Ты прости, прощай, любезная, неверная моя,По тебе ли сердце черней грязи сделалось! —говорили они, по-разному жалуясь и тоскуя, по-разному ударяя на слова, и вдруг все разом сливались уже в совершенно согласном чувстве почти восторга перед своей гибелью, молодой дерзости перед судьбою и какого-то необыкновенного, всепрощающего великодушия, – точно встряхивали головами и кидали на весь лес:
Коль не любишь, не мил – Бог с тобою,Коли лучше найдешь – позабудешь! —и по всему лесу откликалось на дружную силу, свободу и грудную звучность их голосов, замирало и опять, звучно гремя, подхватывало:
Ах, коли лучше найдешь – позабудешь,Коли хуже найдешь – пожалеешь!В чем еще было очарование этой песни, ее неизбывная радость при всей ее тоске и безнадежности?

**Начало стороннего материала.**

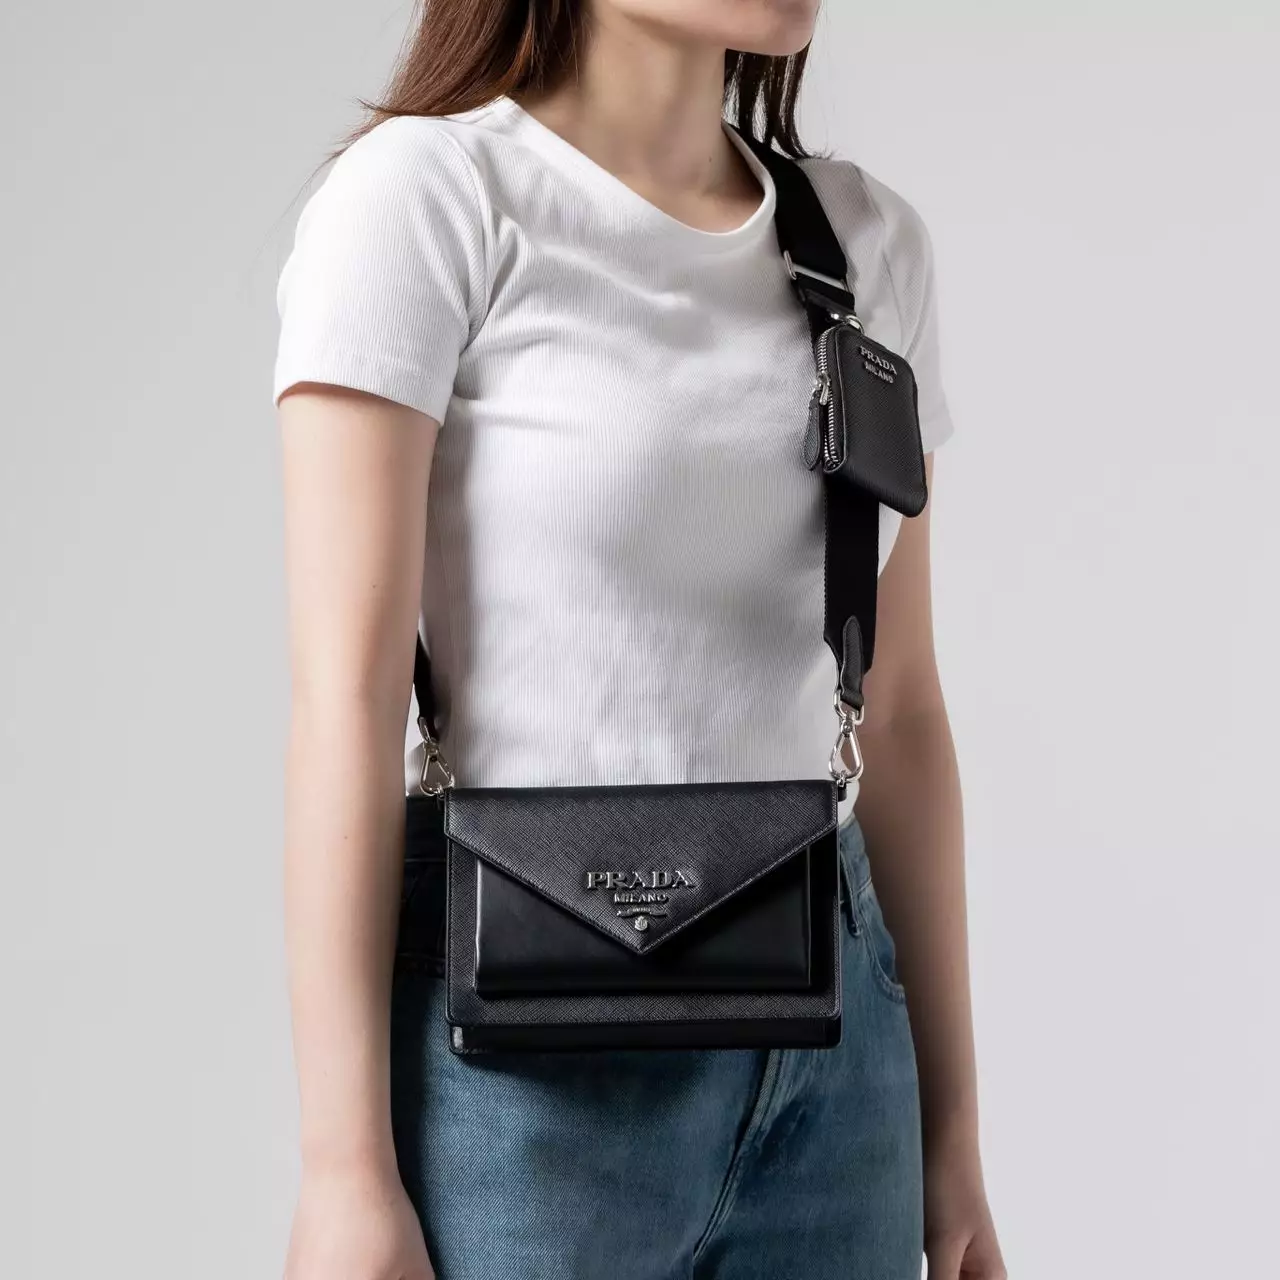 Prada Saffiano Leather Mini Envelope Bag In White
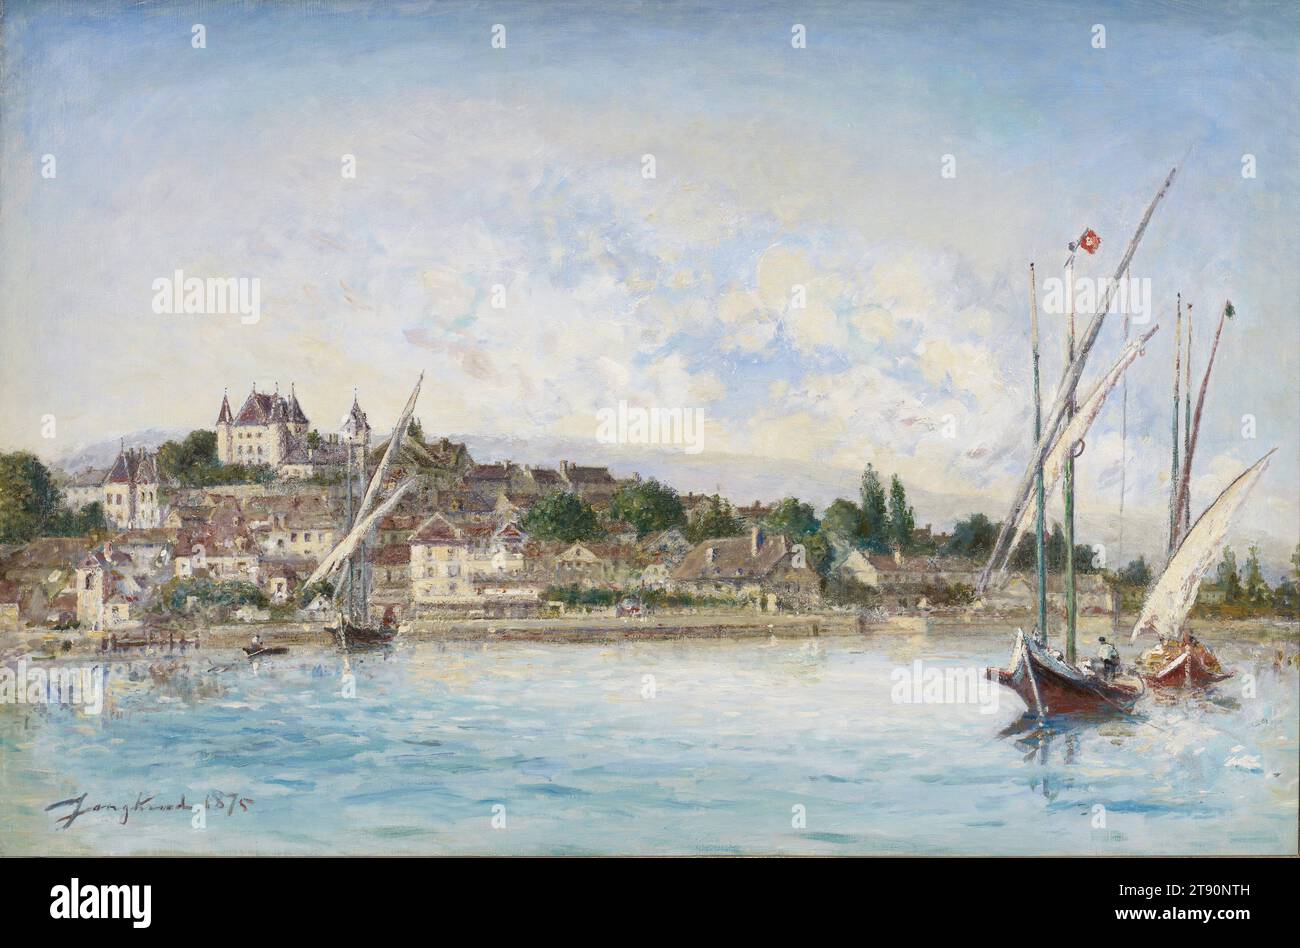 Blick auf Lake Léman in Nyon, 1875, Johan Barthold Jongkind, Niederländisch, 1819 - 1891, 24 x 34 Zoll (60,96 x 86,36 cm) (Leinwand)29 3/4 x 41 x 4 1/4 Zoll (75,57 x 104,14 x 10,8 cm) (Außenrahmen), Öl auf Leinwand, Niederlande, 19. Jahrhundert, geboren und ausgebildet in Holland, wurde Jongkind zu einem Pionier der Outdoor-Malerei in Frankreich. Die unmittelbare Wirkung seines gebrochenen Pinselstils und seiner lebendigen Farbe beeindruckte den jungen Claude Monet. Nachdem die beiden Künstler in den frühen 1860er Jahren an der Küste der Normandie zusammenschmerzten, kommentierte Monet: „Von dieser Zeit an war er mein echter Meister“ Stockfoto

В том, что человек все-таки не верил, да и не мог верить, по своей силе и непочатости, в эту безнадежность. “Ах, да все пути мне, молодцу, заказаны!” – говорил он, сладко оплакивая себя. Но не плачут сладко и не поют своих скорбей те, которым и впрямь нет нигде ни пути, ни дороги. “Ты прости-прощай, родимая сторонушка!” – говорил человек – и знал, что все-таки нет ему подлинной разлуки с нею, с родиной, что куда бы ни забросила его доля, все будет над ним родное небо, а вокруг – беспредельная родная Русь, гибельная для него, балованного разве только своей свободой, простором и сказочным богатством. “Закатилось красное солнушко за темные леса, ах, да все пташки приумолкли, все садились по местам!” – Закатилось мое счастье, вздыхал он, темная молчаливая ночь с ее таинственной глушью обступает меня, – и все-таки чувствовал: так кровно близок он с этой глушью, живой для него, девственной и преисполненной волшебными силами, что всюду есть у него приют, ночлег, есть чье-то заступничество, чья-то добрая забота, чей-то голос, шепчущий: “Не тужи, утро вечера мудренее, для меня нет ничего невозможного, спи спокойно, дитятко!” – И из всяческих бед, по вере его, выручали его птицы и звери лесные, царевны прекрасные и премудрые и даже сама Баба-Яга, жалевшая его “по его младости”. Были для него ковры-самолеты, шапки-невидимки, текли реки молочные, цвел дивный Аленький Цветочек, таились клады самоцветные, от всех смертных чар были ключи вечно живой воды, знал он молитвы и заклятия, чудодейные опять-таки по вере его, улетал из темниц, скинувшись ясным соколом, о сырую Землю-Мать ударившись, заступали его от лихих соседей и ворогов дебри дремучие, черные топи болотные, ветры буйные, пески летучие – и прощал милосердный Бог за все злодеяния, за все посвисты удалые, ножи острые, горячие…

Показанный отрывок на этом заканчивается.